The required output is the lines below from the line containing "Microfiber Kitchen Towels" to the line containing "QuickLift Coil Spring", inclusive, retyped exactly. No other lines belong in it.

----- Study material

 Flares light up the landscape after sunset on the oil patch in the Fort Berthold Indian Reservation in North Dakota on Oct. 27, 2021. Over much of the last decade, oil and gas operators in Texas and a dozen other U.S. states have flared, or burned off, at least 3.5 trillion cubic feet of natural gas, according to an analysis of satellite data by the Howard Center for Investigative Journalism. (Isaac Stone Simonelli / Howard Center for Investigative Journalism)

----------
----- Study material

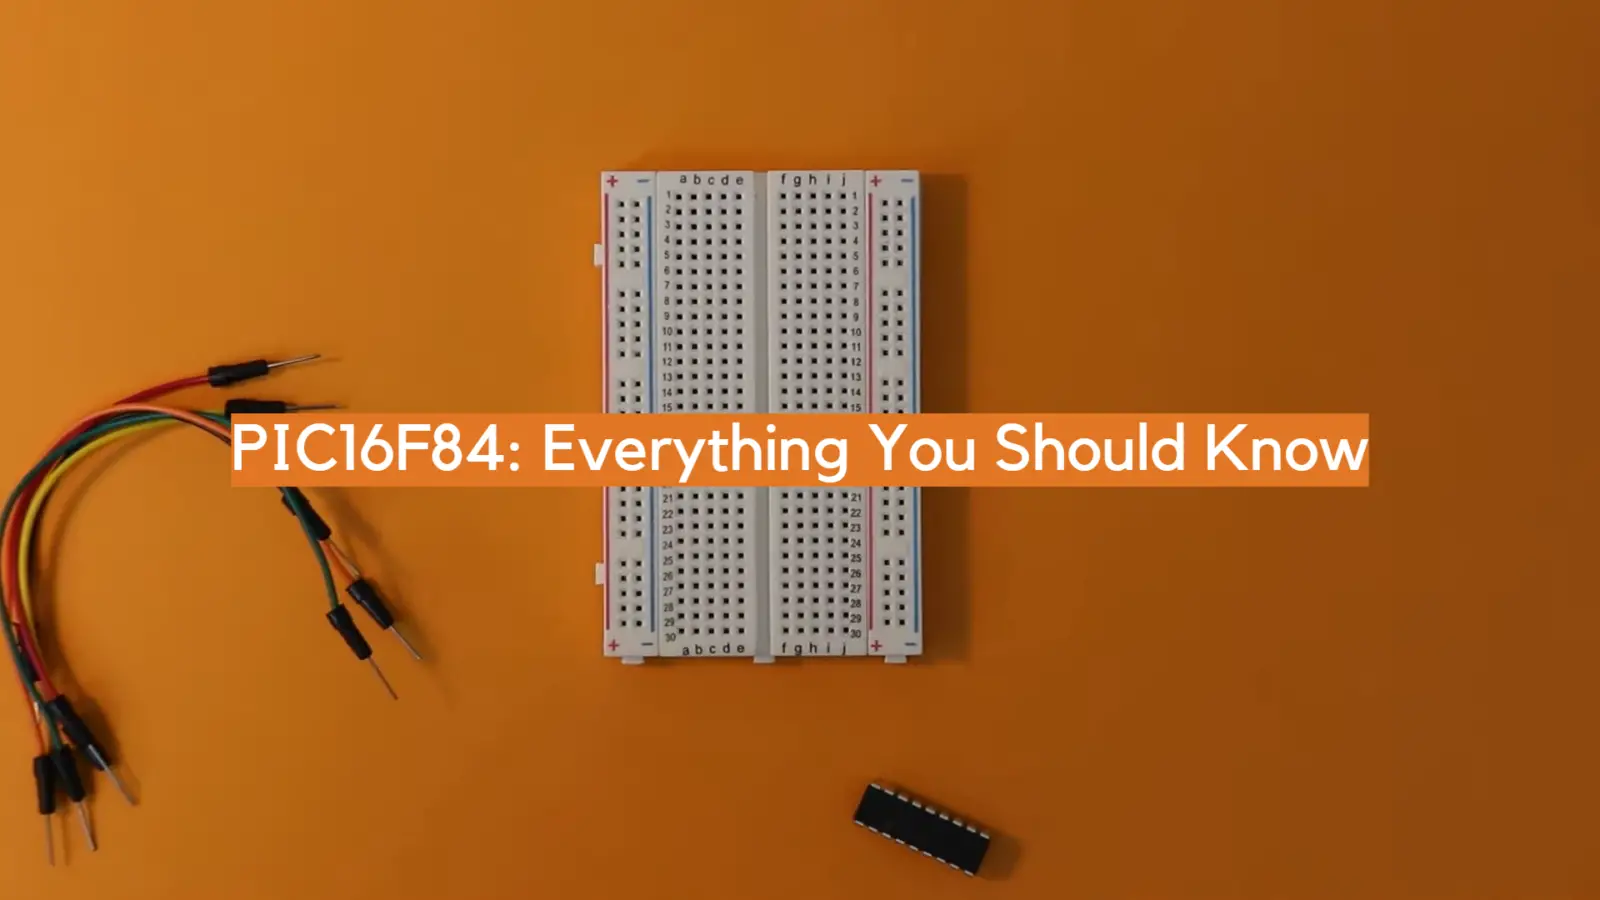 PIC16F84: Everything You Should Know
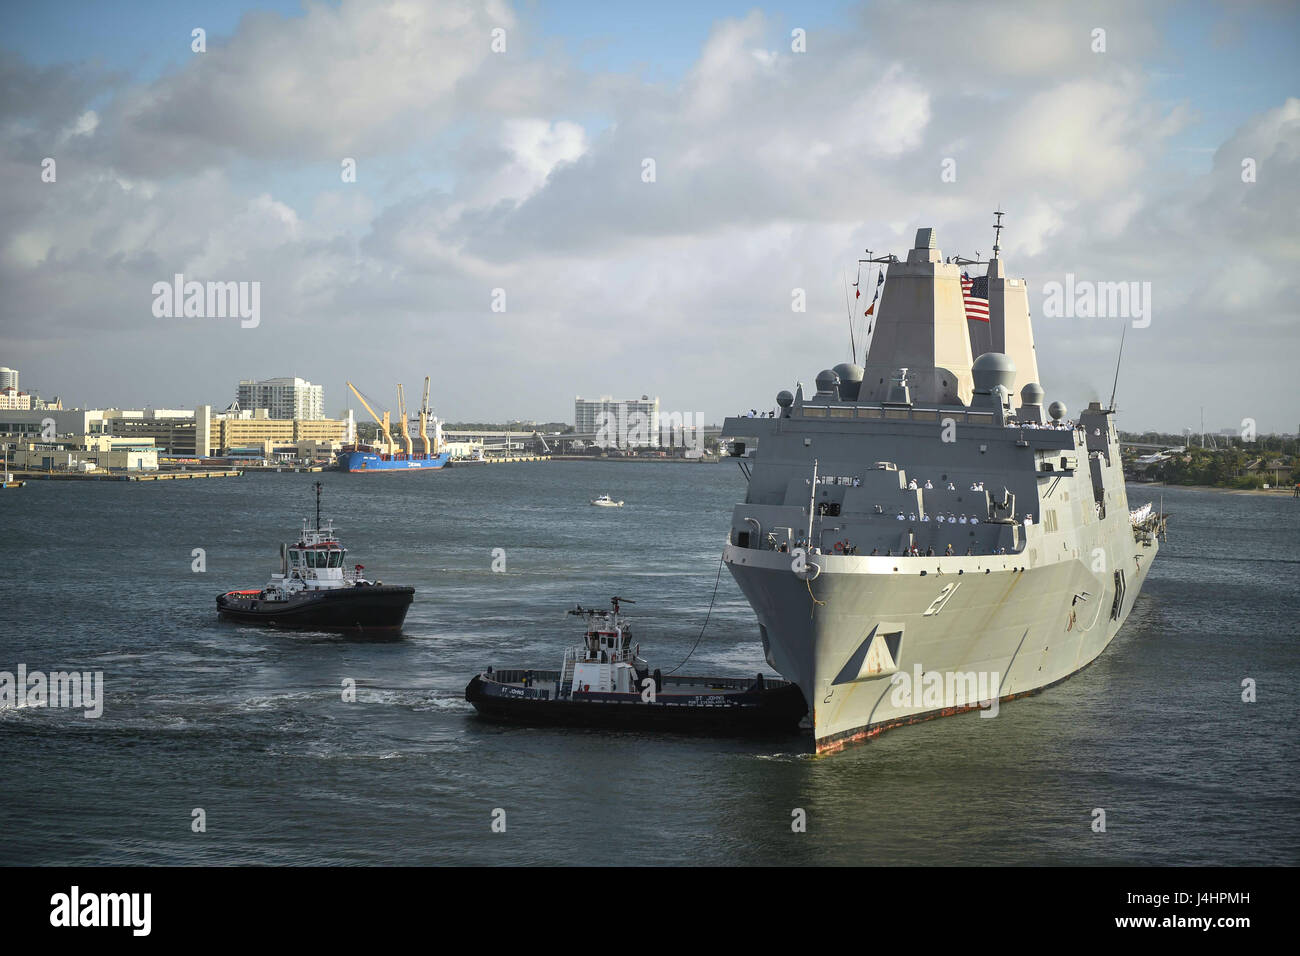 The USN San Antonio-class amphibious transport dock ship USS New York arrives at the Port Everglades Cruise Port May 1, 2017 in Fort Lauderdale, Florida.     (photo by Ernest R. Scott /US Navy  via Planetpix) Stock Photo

----------
----- Study material

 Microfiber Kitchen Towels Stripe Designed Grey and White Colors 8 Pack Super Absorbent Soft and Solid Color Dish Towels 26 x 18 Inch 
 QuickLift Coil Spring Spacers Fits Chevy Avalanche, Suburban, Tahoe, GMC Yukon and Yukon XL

----------

▶ [Result for this task]:
 Microfiber Kitchen Towels Stripe Designed Grey and White Colors 8 Pack Super Absorbent Soft and Solid Color Dish Towels 26 x 18 Inch 
 QuickLift Coil Spring Spacers Fits Chevy Avalanche, Suburban, Tahoe, GMC Yukon and Yukon XL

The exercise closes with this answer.